There’s more to a cooler than just it’s heat sink. The fans included have a huge impact on cooling performance and noise levels.
Enermax Dual-Convex aRGB Fan
Max Fan Speed
500 – 1,600RPM
22.5 – 72.1CFM
0.2 – 1.98mm-H2O
14 – 27dB(A)
The installation of the LIQMAX III is probably the only thing I didn’t like about this cooler. The legs of the backplate are secured via washers, meaning they can wobble a bit while installing the cooler. On the flipside this allows Enermax to use one backplate for all platforms, from AMD’s FM1 to Intel’s LGA 2066, and reduces cost.

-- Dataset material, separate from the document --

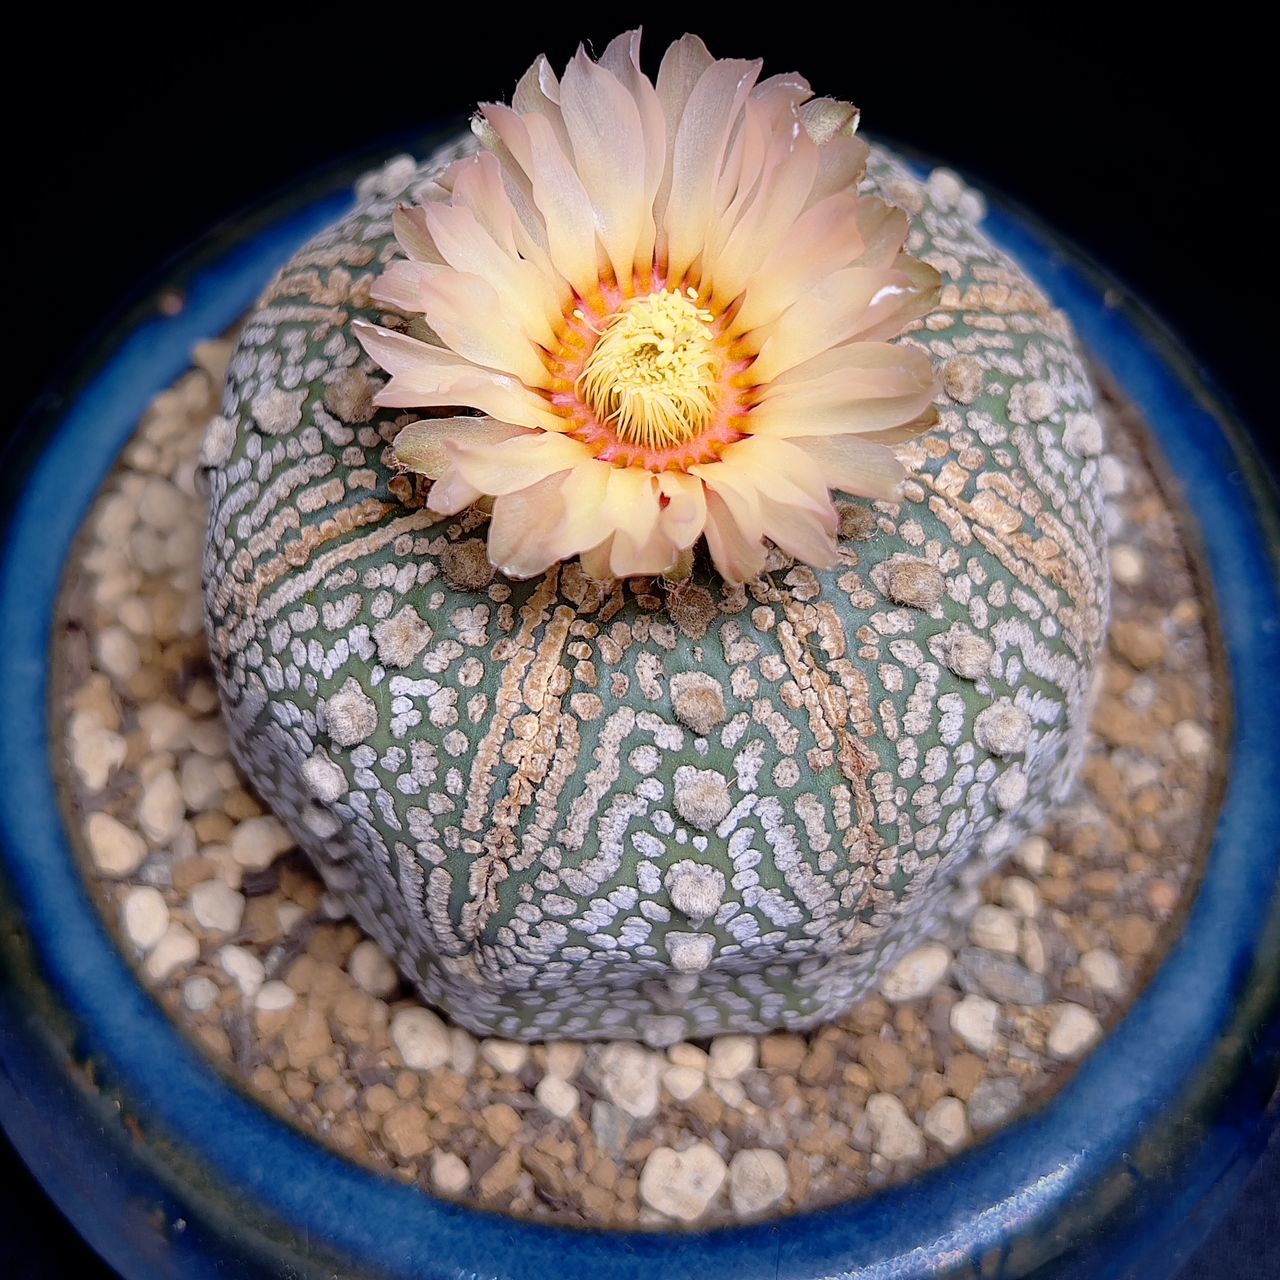 Super Kabuto Astrophytum Cactus Flower Cactus Freshness Plant Food And Drink Close-up Food Wellbeing Nature Flower No People Flowering Plant Seed Healthy Eating Circle Indoors  Geometric Shape High Angle View Directly Above Shape Concentric First Eyeem Photo
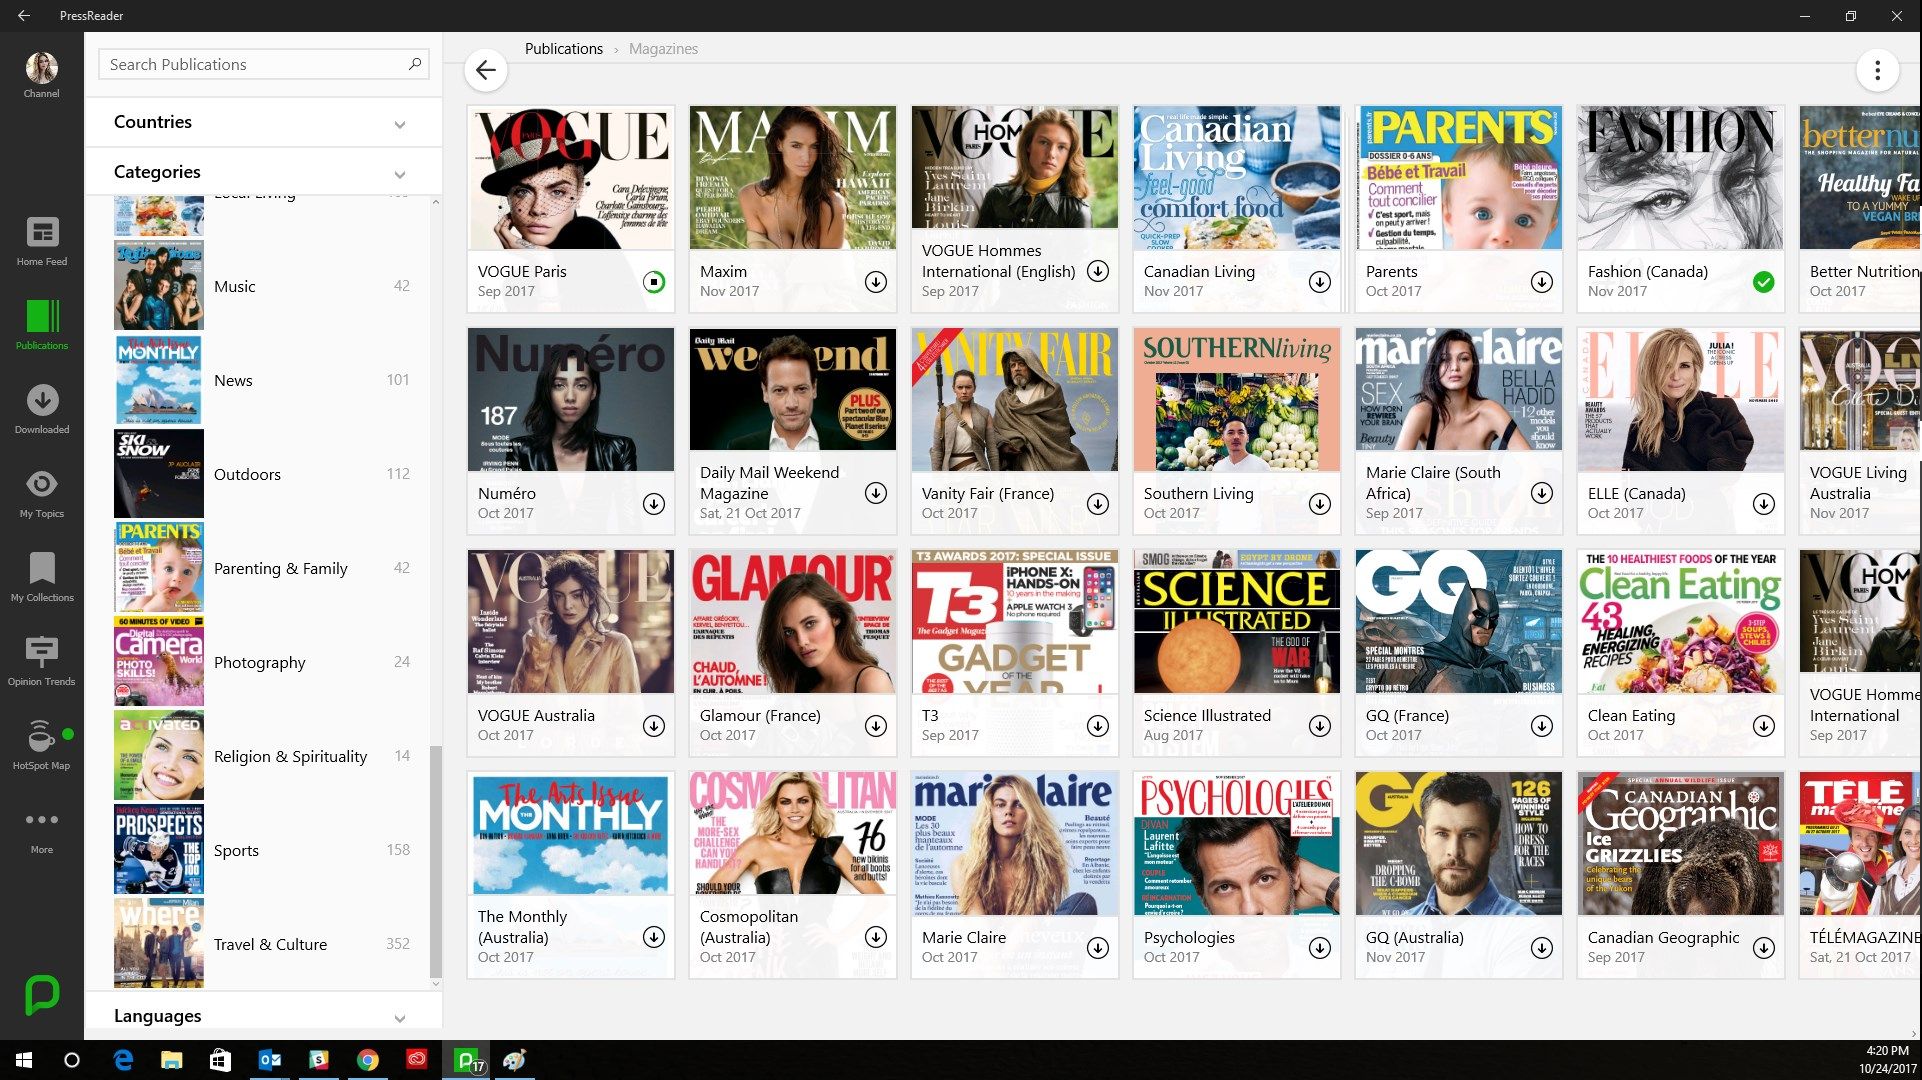 Browse magazine covers quickly and easily.

I use Noctua’s NT-H1 thermal paste for all cooler testing, to eliminate any variances that could be caused by using different pastes.
For Cinebench and AIDA64, I ran each test for 10 minutes – but removed the first 2 minutes of temperature data to account for the warm up period (testing for longer periods did not produce any differences). For games, I used a scripted benchmark and averaged the results of 3x runs. I tested each cooler with no power limits and with an enforced 105w TDP (to simulate a less power hungry CPU), using the “full speed” profile available from my motherboard’s BIOS settings.
105w TDP Testing
The first tests were done with a TDP enforced at a 105w limit, to emulate mainstream CPUs. In all of these tests, both coolers were more than capable of handling the heat.
No Power Limits Testing
While TDP limited testing is interesting, most DIY users with high end CPUs – especially those considering liquid coolers- will be running without power limits.
In AIDA64 both coolers ran a little warm – 80 & 79c in a 24c ambient environment – but well within acceptable limits.
Cinebench r23 also ran a bit toasty, with CPU temperatures of 80 & 77c in a 25c ambient environment.
Gaming is a much less demanding load than AIDA or Cinebench, as such both coolers performed well in these tests.
I purchased a Decibel Meter to more accurately report acoustic information, but I found it difficult to take consistent measurements with it – and I’ve found that decibel measurements can be somewhat deceptive as other factors such as pitch can effect perceived noise levels.
So instead of using the Decibel Meter, I’ve taken audio recordings of the fans during stress tests and analyzed them with Orban Loudness Meter. The LIQMAX III was slightly louder than the NH-D15, with -44.7 LKFS, but had a lower pitch. The Noctua NH-D15 was slightly quieter with -45.3 LKFS, but had a higher pitch.
When I started testing I didn’t think that the LIQMAX III would be able to keep up with Noctua’s NH-D15 – and I am glad to be wrong. Both of these coolers perform excellently and are of the same overall performance class.
The advantages of the LIQMAX III are that it is $30 cheaper than Noctua’s NH-D15, and can be installed in a wider variety of cases – you won’t be able to fit a NH-D15 into a SFF case because it’s too large. Considering it’s great performance at a lower price point, the LIQMAX III recieves my full recommendation and our Gold Award.